The live attenuated intranasal flu vaccine is the preferred method of immunizing healthy children aged 2-8 years against seasonal influenza, a federal panel has recommended.
At a meeting of the Centers for Disease Control and Prevention’s Advisory Committee on Immunization Practices, committee members unanimously agreed that healthy children with no contraindications should receive the quadrivalent live attenuated vaccine (LAIV) rather than an inactivated vaccine, provided that the LAIV is readily available.
"If the LAIV is not immediately available, [inactivated influenza vaccine (IIV)] should be used," the recommendation reads. "Vaccination should not be delayed in order to procure LAIV."
All children aged 6 months or older should receive influenza vaccine, according to the recommendation. "Influenza vaccine should not be delayed to procure a specific vaccine preparation if an appropriate one is already available."
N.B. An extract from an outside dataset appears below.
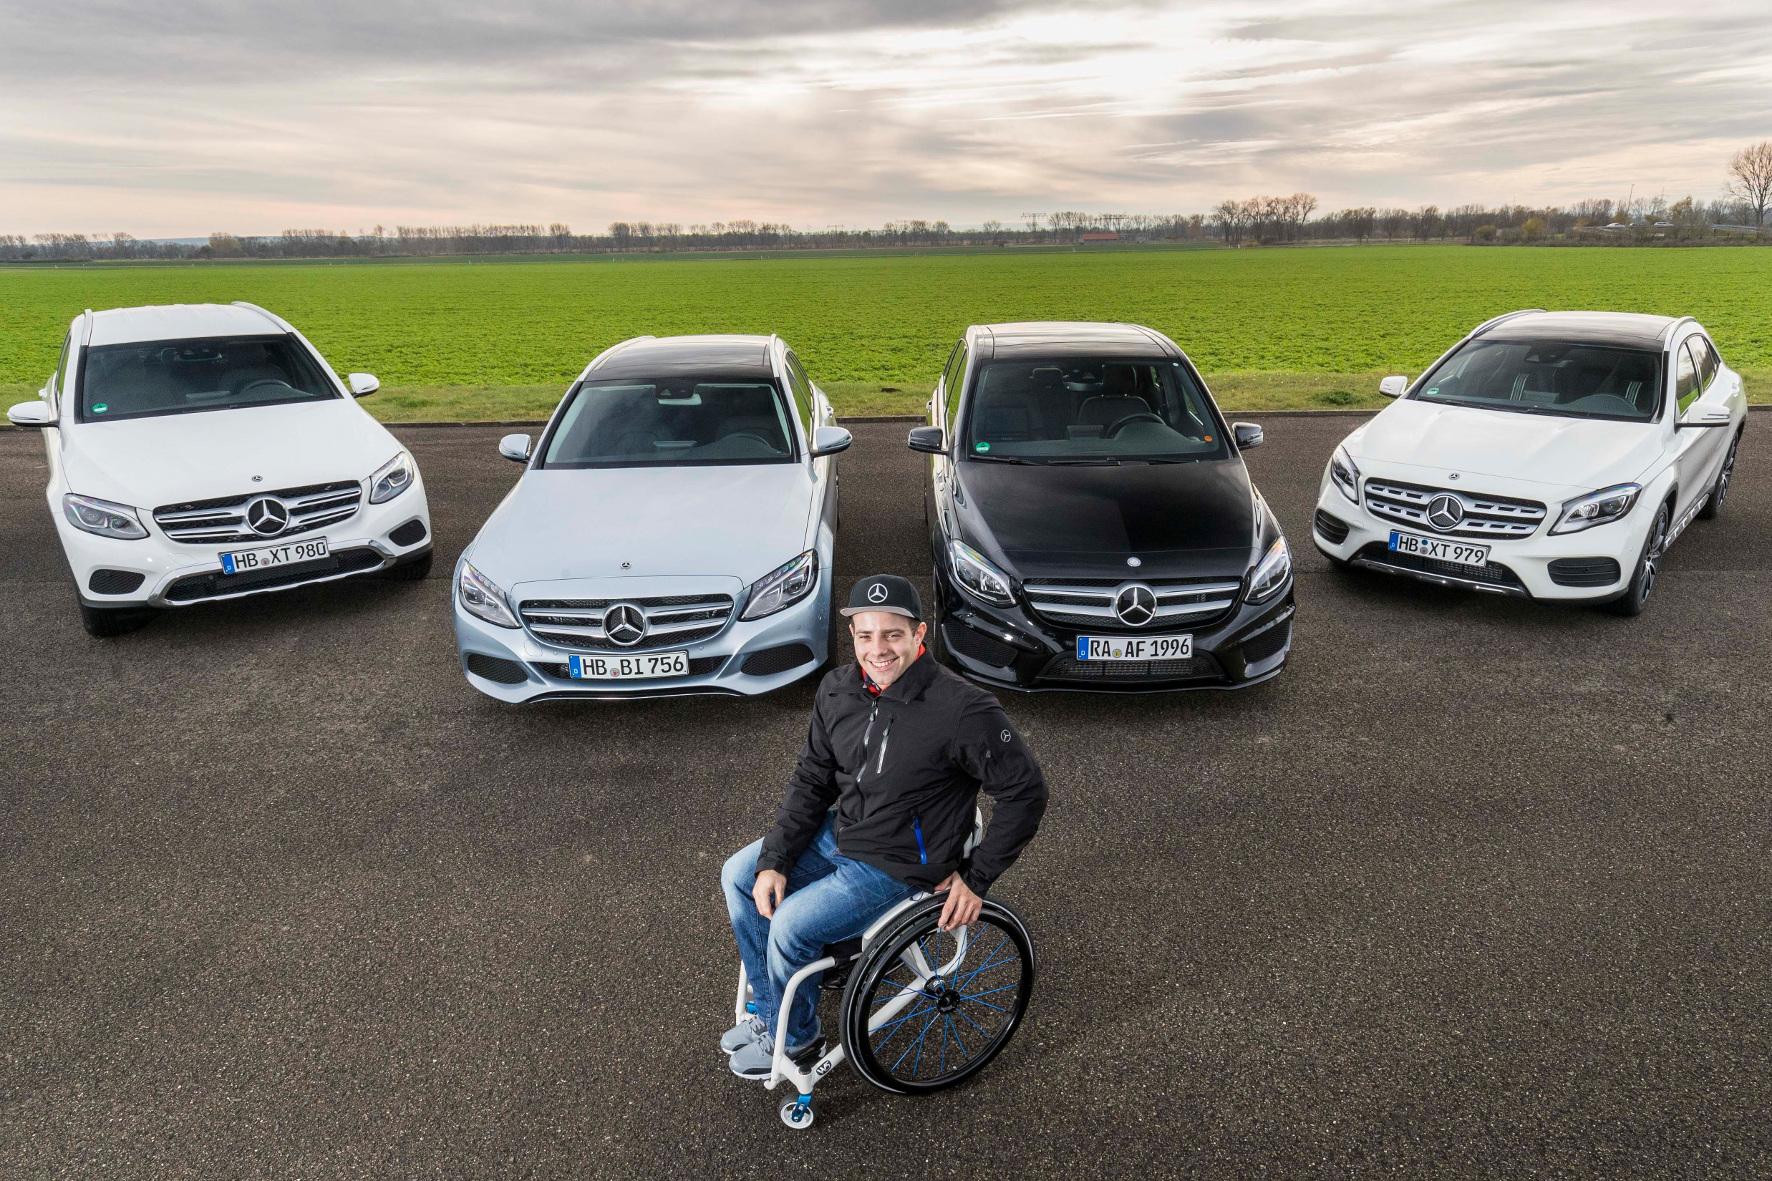 Hamburg: Autobauer ist Partner der Rollstuhlbasketball-WM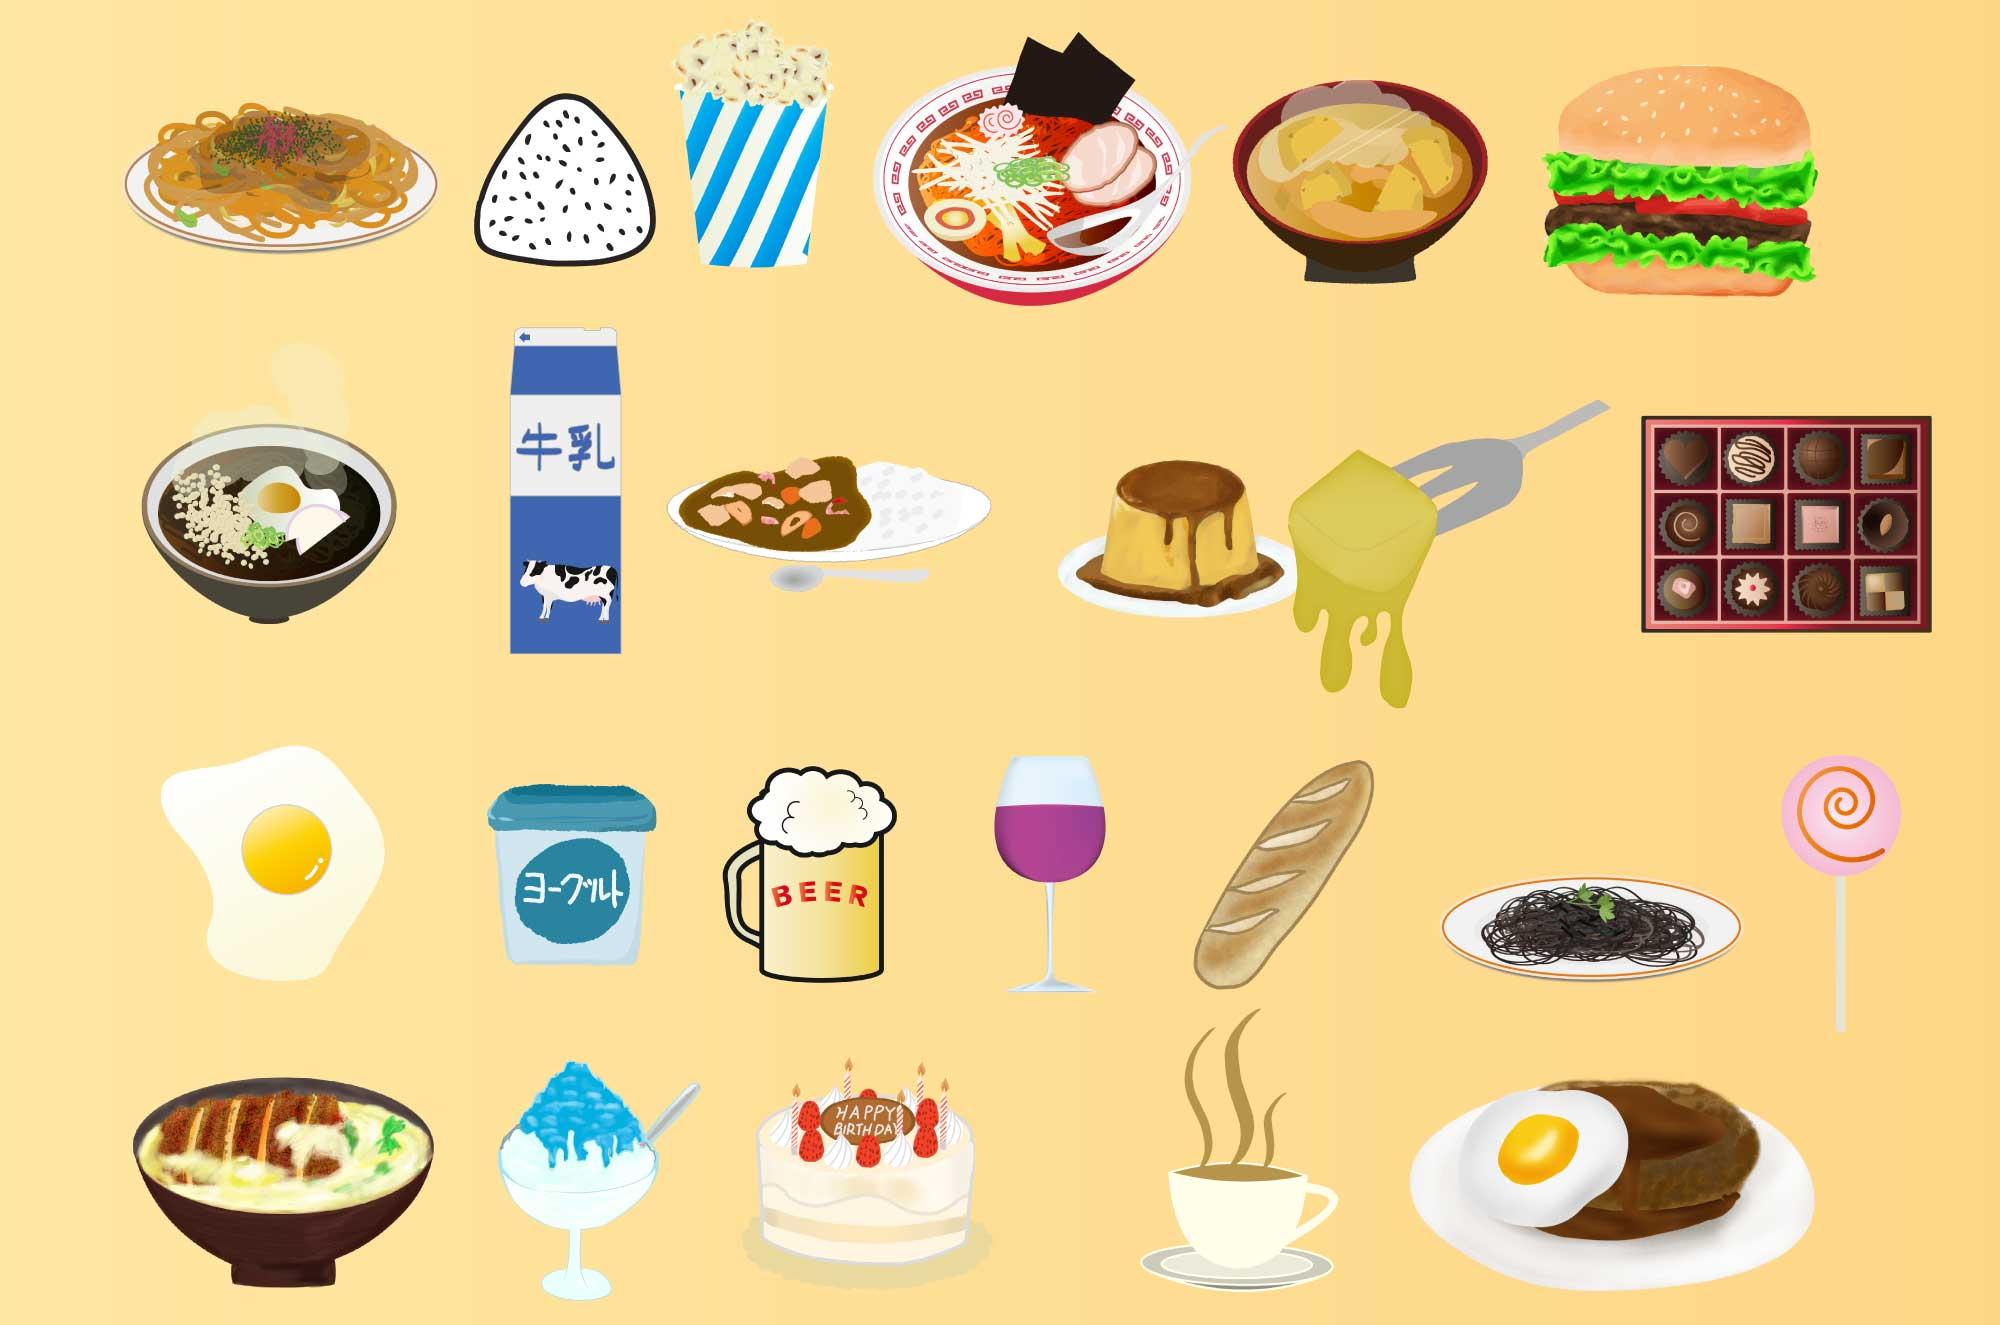 食べ物のイラスト - 無料で使える食のイメージ素材集

The committee approved the recommendation after hearing an evidence review that found the LAIV to be "moderately" more effective for this age group than the inactivated vaccine was. Although the data are not plentiful, they suggest that it would probably prevent about 47 more lab-confirmed cases of flu per 1,000 children than the IIV, Dr. Lisa Grohskopf said
"The benefits appear to outweigh the potential harms, with modestly better efficacy," and no appreciable increase in adverse events associated with the live vaccine, said Dr. Grohskopf, who is a medical officer in the influenza division of the Centers for Disease Control and Prevention in Atlanta.
Her review was based on two studies – one published in 2006 and one in 2007. The earlier study was an open-label trial that randomized about 2,300 children aged 6-71 months to either the LAIV or an IIV. The much larger 2007 study randomized about 16,000 children aged 6-59 months to the two vaccine types or to matching placebos.
The pooled analysis was limited to healthy children aged 24-59 months who were without a history of asthma or wheezing. The primary endpoint of lab-confirmed influenza infection was significantly less likely among children who had received the LAIV (hazard ratio, 0.47). The secondary endpoint of influenza-associated otitis media was also significantly less likely to occur among those who got the LAIV (HR, 0.47).
Neither of the vaccines was associated with any medically significant wheezing or fever, Dr. Grohskopf said.
She also examined these same endpoints in children who had a history of wheezing or asthma. The LAIV significantly reduced the risk of lab-confirmed influenza in this group (HR, 0.53). There were no significantly increased risks of medically significant wheezing in the children, regardless of whether or not they had experienced wheezing within the past 12 months.
However, Dr. Grohskopf said, she and her colleagues didn’t feel that the studies were strong enough to make any initial recommendations to the committee about whether the LAIV could safely be used in children with a history of wheezing or asthma. The studies didn’t drill down into data on this group enough, and the data are now too old to be completely reliable for this population.
Asthma and wheezing are not strict contraindications to the LAIV, she said, but ACIP does not recommend it for children with those issues or for those with any chronic conditions that might predispose them to complications from the flu.
The committee also heard that the strains included in the 2014-2015 vaccine will be the same as last season’s. Because of this, children who received at least one dose of the 2013-2014 vaccine will only need one dose of this year’s vaccine to ensure immunity. "This is analogous to what happened in the 2011-2012 season, when the vaccine strains were unchanged from the previous season," Dr. Grohskopf said.
She also touched on the issue of cost. "We haven’t done a formal cost-effectiveness analysis," she said.
"It’s likely to be a very complex undertaking because of the large number of products out there. It will probably be a few years before that could be done."
The best estimates available now can be drawn from the 2013-2014 private sector costs associated with CDC’s Vaccines for Children program. "The cost of the LAIV intranasal vaccine is $22.70/dose, and for the inactivated vaccine, there is a broad range of variability, from $7.65-$14.81/dose for the trivalent to $14.90-$21.09/dose for the quadrivalent."